Tels se font voir alors tous ces vaisseaux de guerre ;
D’une distance esgale ils esloignent la terre ;
Et tous sur une ligne, aydez qu’ils sont du vent,
Suivent leur amiral qui gagne le devant.
Mais pendant qu’ils s’en vont d’une course si prompte,
Un orage s’esleve au cœur d’Amalasonthe ;
Ou plutost recommence à troubler son repos,
En luy faisant maudire, et les vents et les flots.
Il s’en va le barbare ; il s’en va l’infidelle ;
Il s’en va le perfide ; et je le voy, dit-elle ;
O ciel ! Fais que la mer, changeante comme luy,
Puisse punir son crime, et me vange aujourd’huy.

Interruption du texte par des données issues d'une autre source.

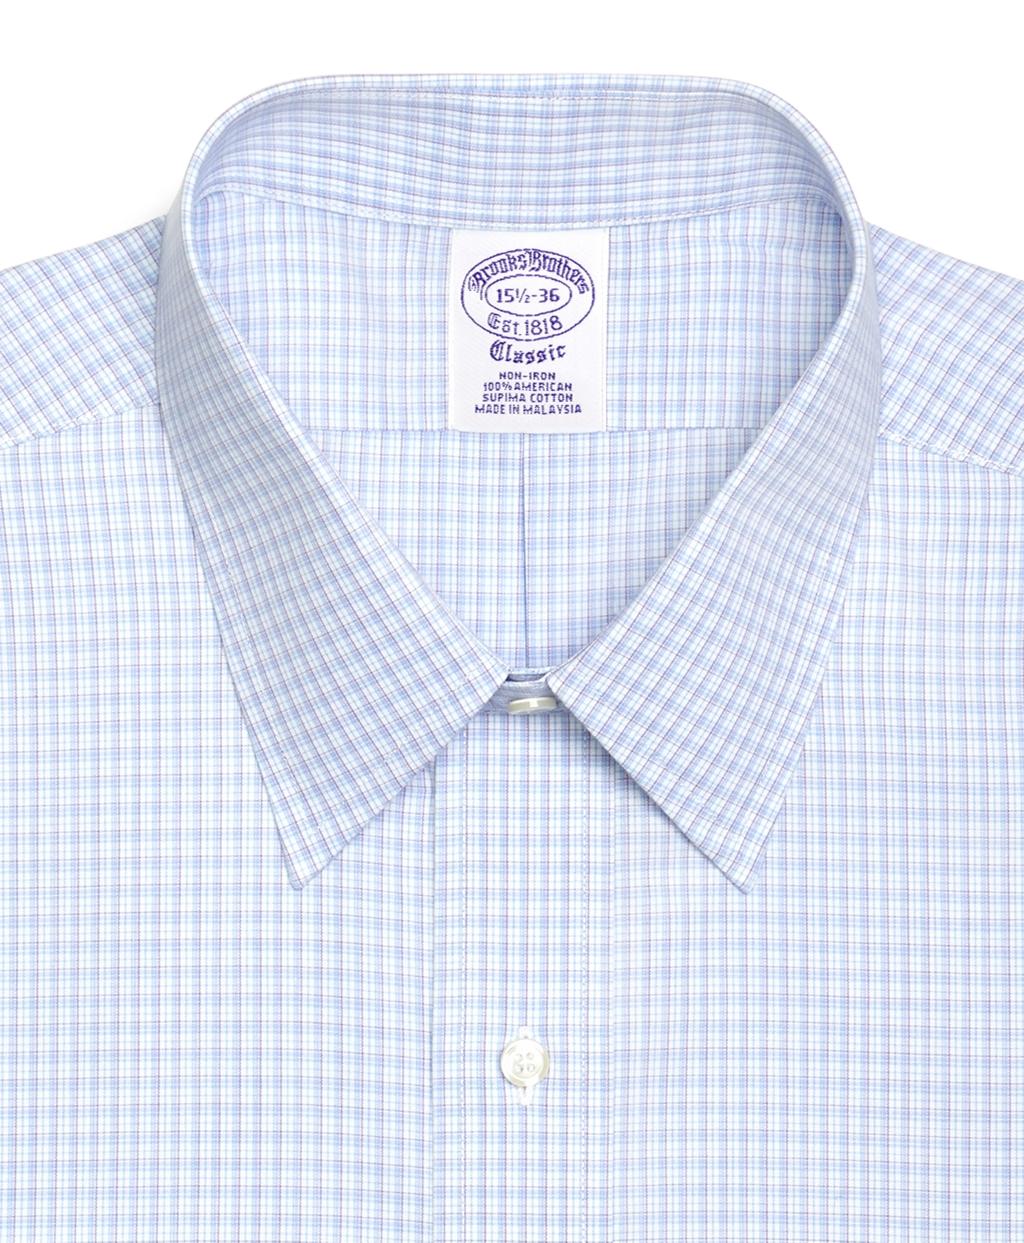 Brooks Brothers Pima Cotton Dress Shirts Bcd Tofu House

Sousleve tous les flots pour perdre son navire :
Je le dois desirer, si je ne le desire :
Conduits-le, brise-le contre un fameux escueil ;
Il faut à ce grand cœur un aussi grand cercueil ;
La mer qu’il me prefere, est une sepulture,
Digne de cét orgueil qui l’a rendu parjure :
O ciel ! Injuste ciel, je veux ce que tu veux ;
Je consents au départ ; mais consents à mes vœux.
Cede, cede l’amour à l’amante irritée :
Oüy, quittons la pitié, puis qu’il nous a quittée :
Oüy, souhaitons sa perte, et pour nous secourir,
Oüy, souhaitons sa mort, qui nous fera mourir.